Но какой смысл сражаться за Ксандера, когда она и за себя постоять не может?
Она поморщилась.
– Я должна быть совершенно бессердечной, чтобы остаться невосприимчивой ко всему, что вы мне сейчас рассказали о вашем детстве, – ответила она.
Ксандер почувствовал себя странно сейчас. Он разговаривал с Самантой о своем отце. Он действительно никогда не обсуждал свою личную жизнь за пределами семьи. Никогда. И вот только что он обсуждал это с Самантой. Пусть все затевалось только с целью поощрить ее, заставить почувствовать, что она может доверять ему, и рассказать о бывшем муже. Все же было что-то такое, чего раньше Ксандер никогда не испытывал.
И тем не менее…
Он признался Саманте, чтобы дать ей понять, что она тоже может делиться с ним своими секретами.
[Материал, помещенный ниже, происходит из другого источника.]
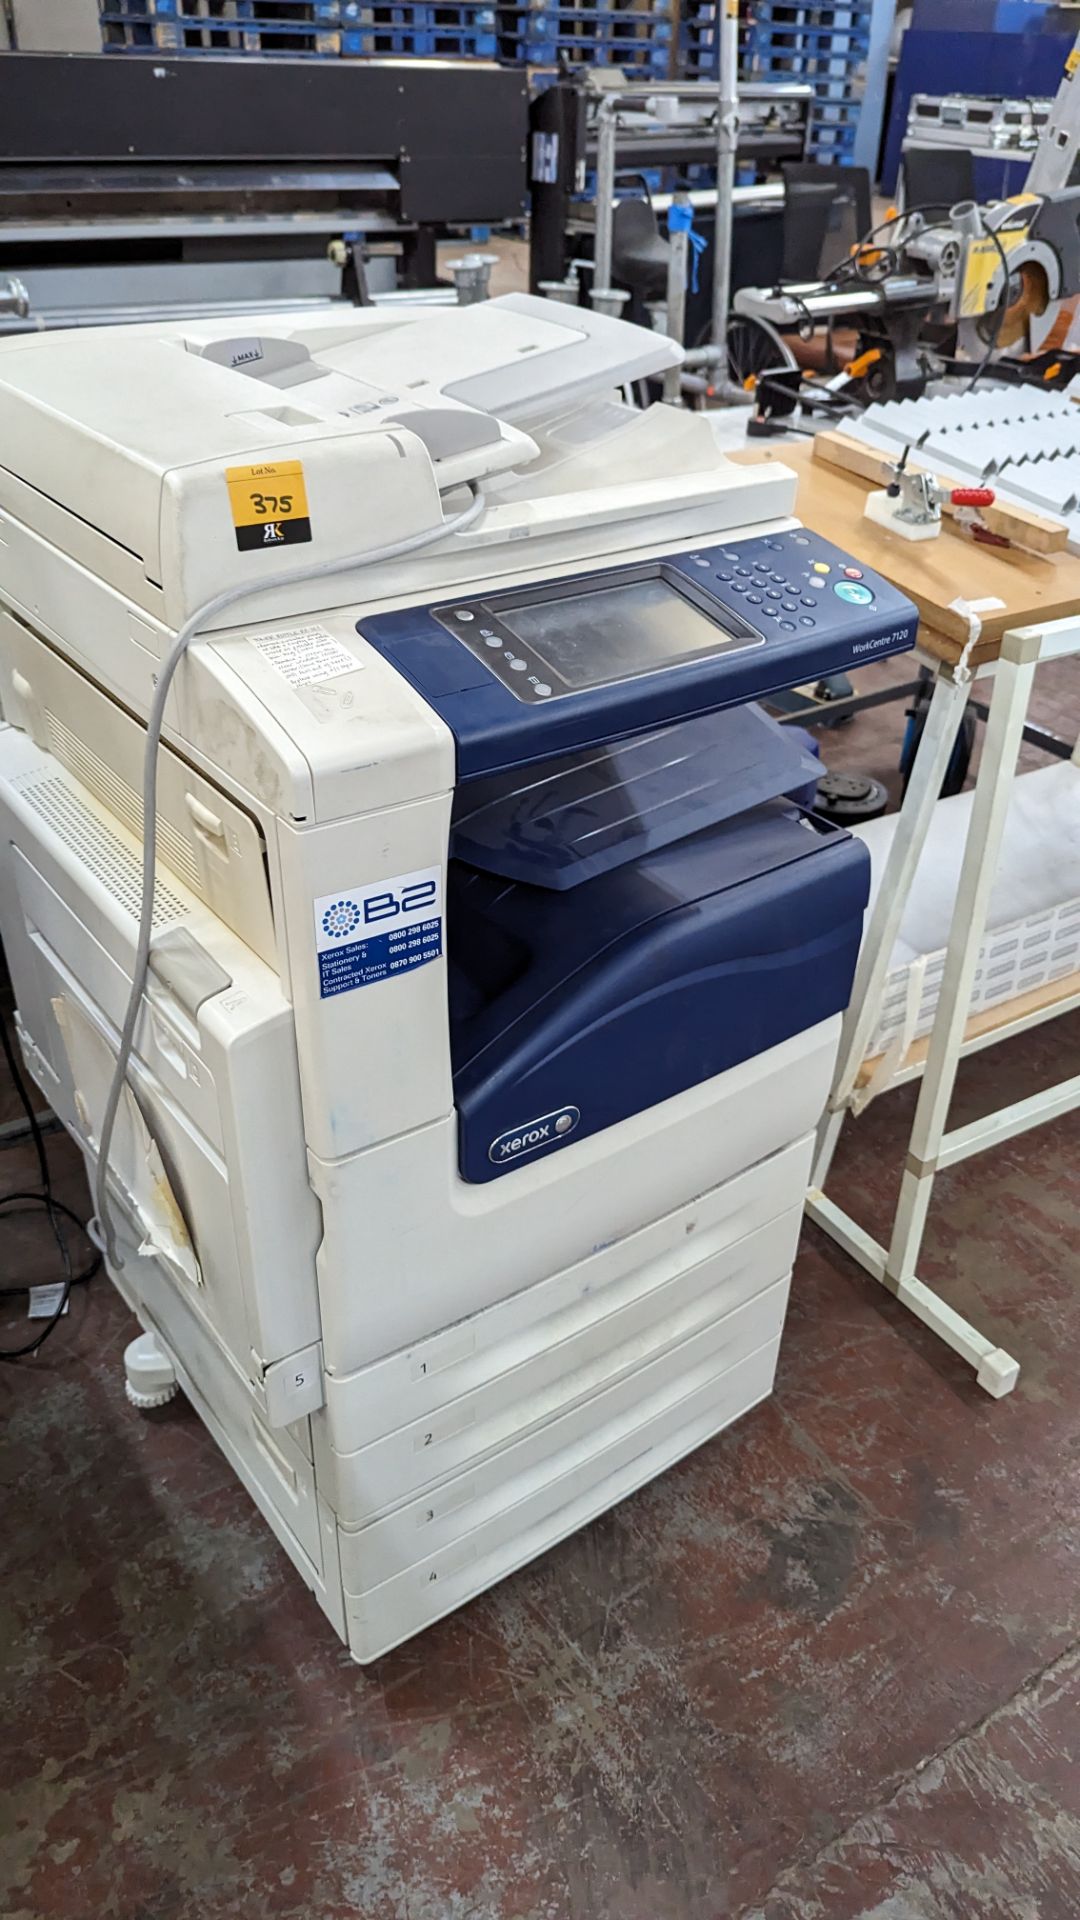 Xerox WorkCentre 7120 floor standing multifunction copier with 4 paper cassettes, auto document feed - Image 3 of 11

Но он никогда не думал, что это признание каким-то образом даст ему почувствовать себя… свободно.
Как будто тяжелый груз сняли с его плеч.
И с его сердца.
Ксандер невесело улыбнулся:
– Может быть, ты изменишь свое мнение обо мне, если я скажу тебе, что последние несколько месяцев я боюсь того, что фактически могу быть на него похожим.
– Это абсолютно нелепо, – без колебания ответила Сэм.
Ксандер распахнул глаза от уверенности, звучавшей в ее голосе.
– Что заставляет тебя думать так?
Он улыбнулась уверенно:
– Может быть, я вас почти не знаю, Ксандер, но я все-таки вижу, что вы не в состоянии причинить вред женщине или ребенку. Конечно, вы не хотели, чтобы Дейзи и я жили здесь. И все же вы были невероятно добры к нам обеим. Настолько, что Дейзи теперь обожает вас, – добавила она твердо и, подойдя к нему, положила свою ладонь ему на грудь. – Здесь бьется хорошее сердце, Ксандер Стерн. Доброе сердце, которое хочет защищать, а не разрушать.
Ксандер взглянул на нее испытующе, неглубоко дыша и ощущая тепло ее ладони на своей груди.
– Ты действительно веришь в это? – спросил он наконец.